Lagrange's Mean Value Theorem Why is theta between 0 and 1?

Sometimes it's a little hard to answer
θ belongs to (0,1)
Let's talk about Lagrange's mean value theorem first
If a function is continuous on [a, b] and differentiable on (a, b), then there is at least one point e between (a, b), which has:
f(b)-f(a)=f'(e)(b-a) (*)
(*) this formula can also be written as:
f(b)-f(a)=f'(a+θ(b-a))*(b-a)
Look at this: does a + θ (B-A) belong to (a, b)
Yes. Because θ belongs to (0,1), so: a + θ (B-A) belongs to (a, b)
In fact, you don't have to worry about the finite increment formula. Khan, let's understand it this way, e is a to B
When θ = 0, e is a, and when θ = 1, e is B
A + θ (B-A) always changes between (a, b)
The more I feel, the more I confuse you

What is Lagrange's theorem?

If the function f (x) is differentiable on (a, b) and continuous on [a, b], then there must be a ξ ∈ [a, b] such that
f'(ξ)*(b-a)=f(b)-f(a)

Lagrange's Mean Value Theorem
It is proved that parabola always accords with mean value theorem in any interval
I don't understand. Where did K (x1 ^ 2-x2 ^ 2) / (x1-x2) come from????

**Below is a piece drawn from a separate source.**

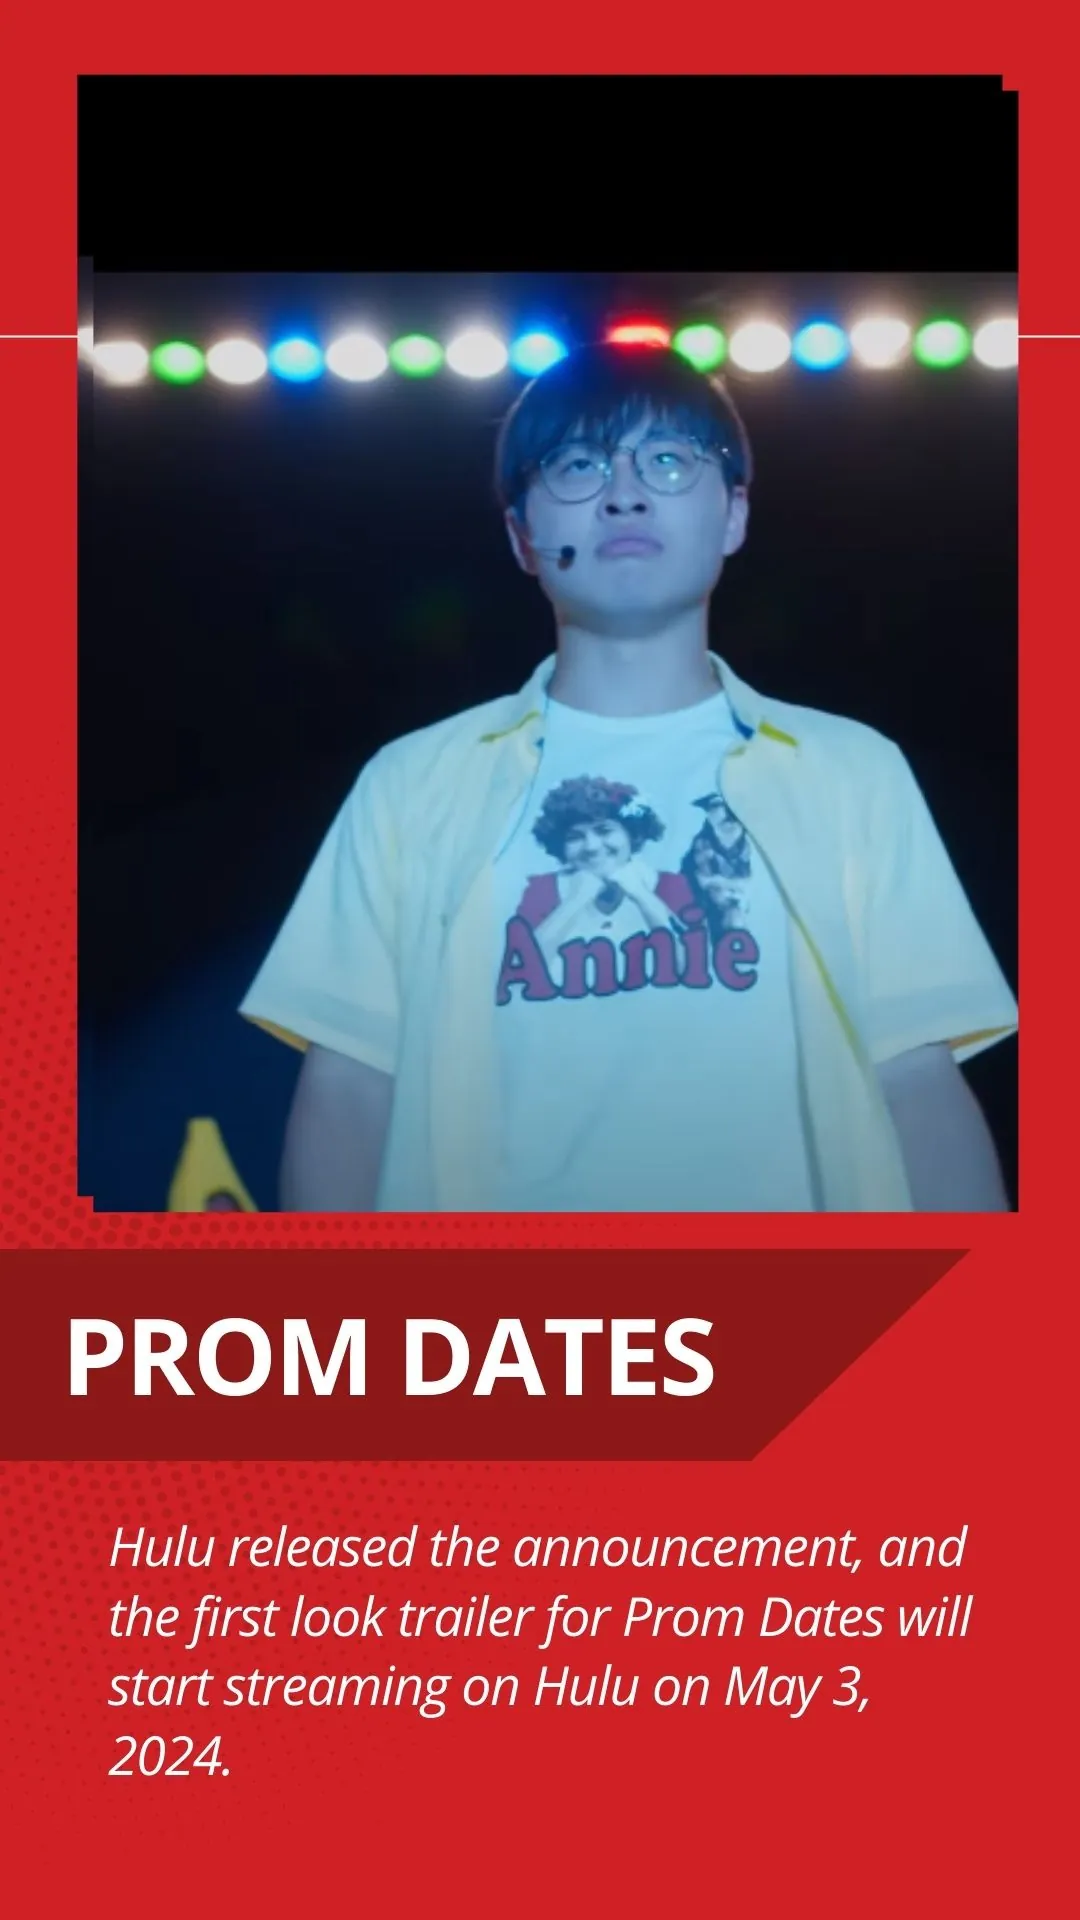 Prom Dates
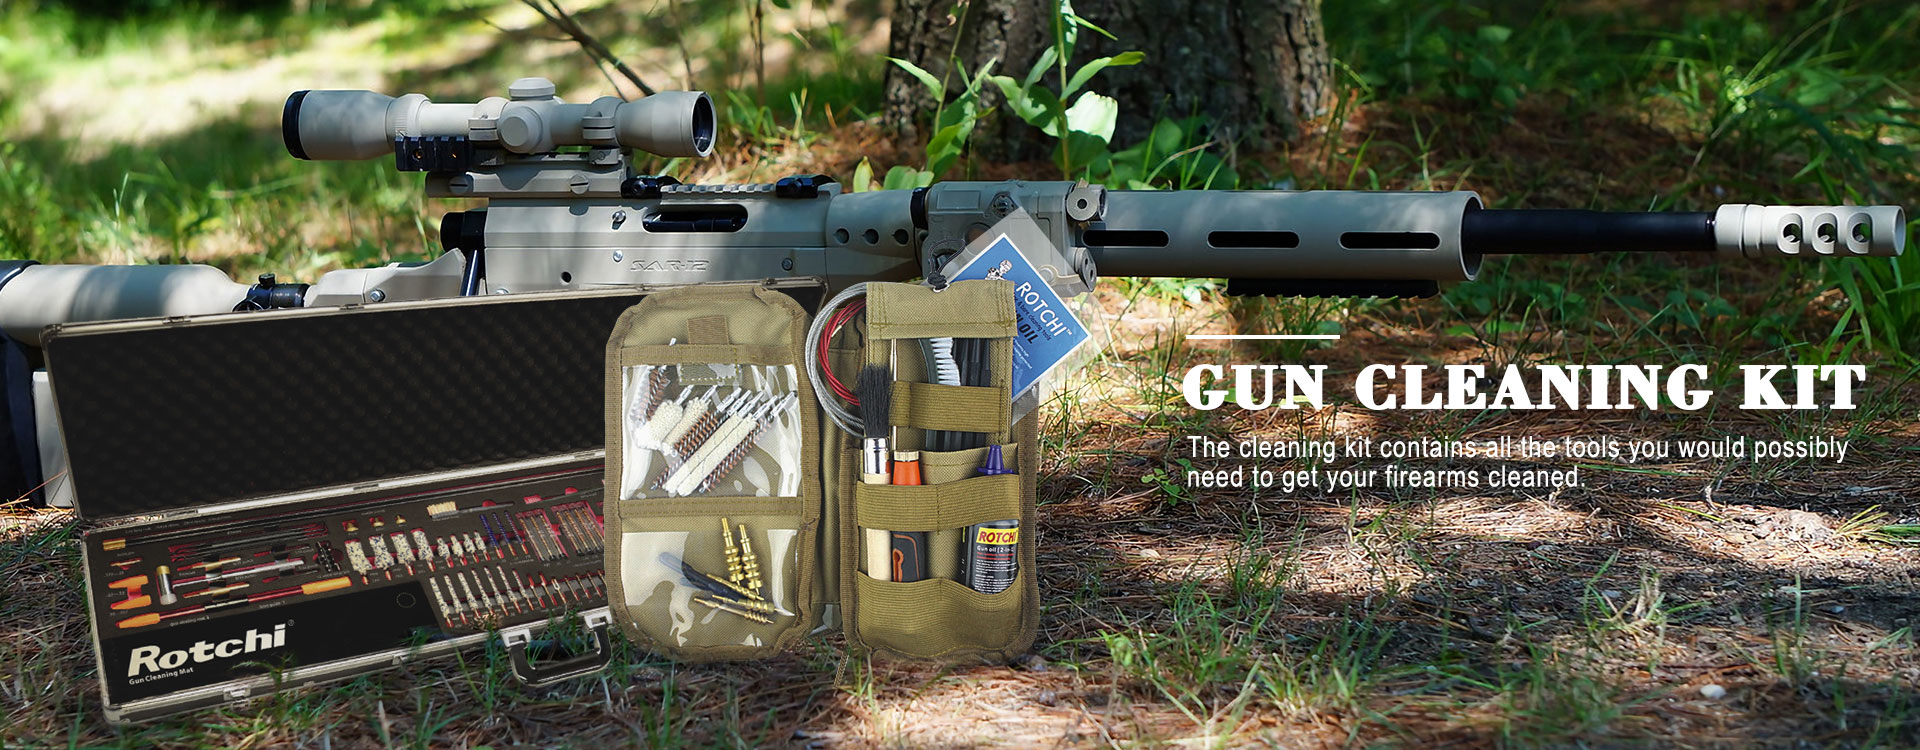 Kit de limpieza de pistola con carcasa de aluminio todo en uno de lujo

Let the parabola be y = KX ^ 2 (k is a non-zero constant), a (x1, Y1), B (X2, Y2) be any two points on the parabola
y'=2kx=(y1-y2)/(x1-x2)=k(x1^2-x2^2)/(x1-x2)=k(x1+x2)
x=(x1+x2)/2
So the proposition holds
Supplement: a (x1, Y1), B (X2, Y2) are any two points on the parabola, so Y1 = kx1 ^ 2, y2 = kx2 ^ 2

Lagrange's Mean Value Theorem Why is theta between 0 and 1?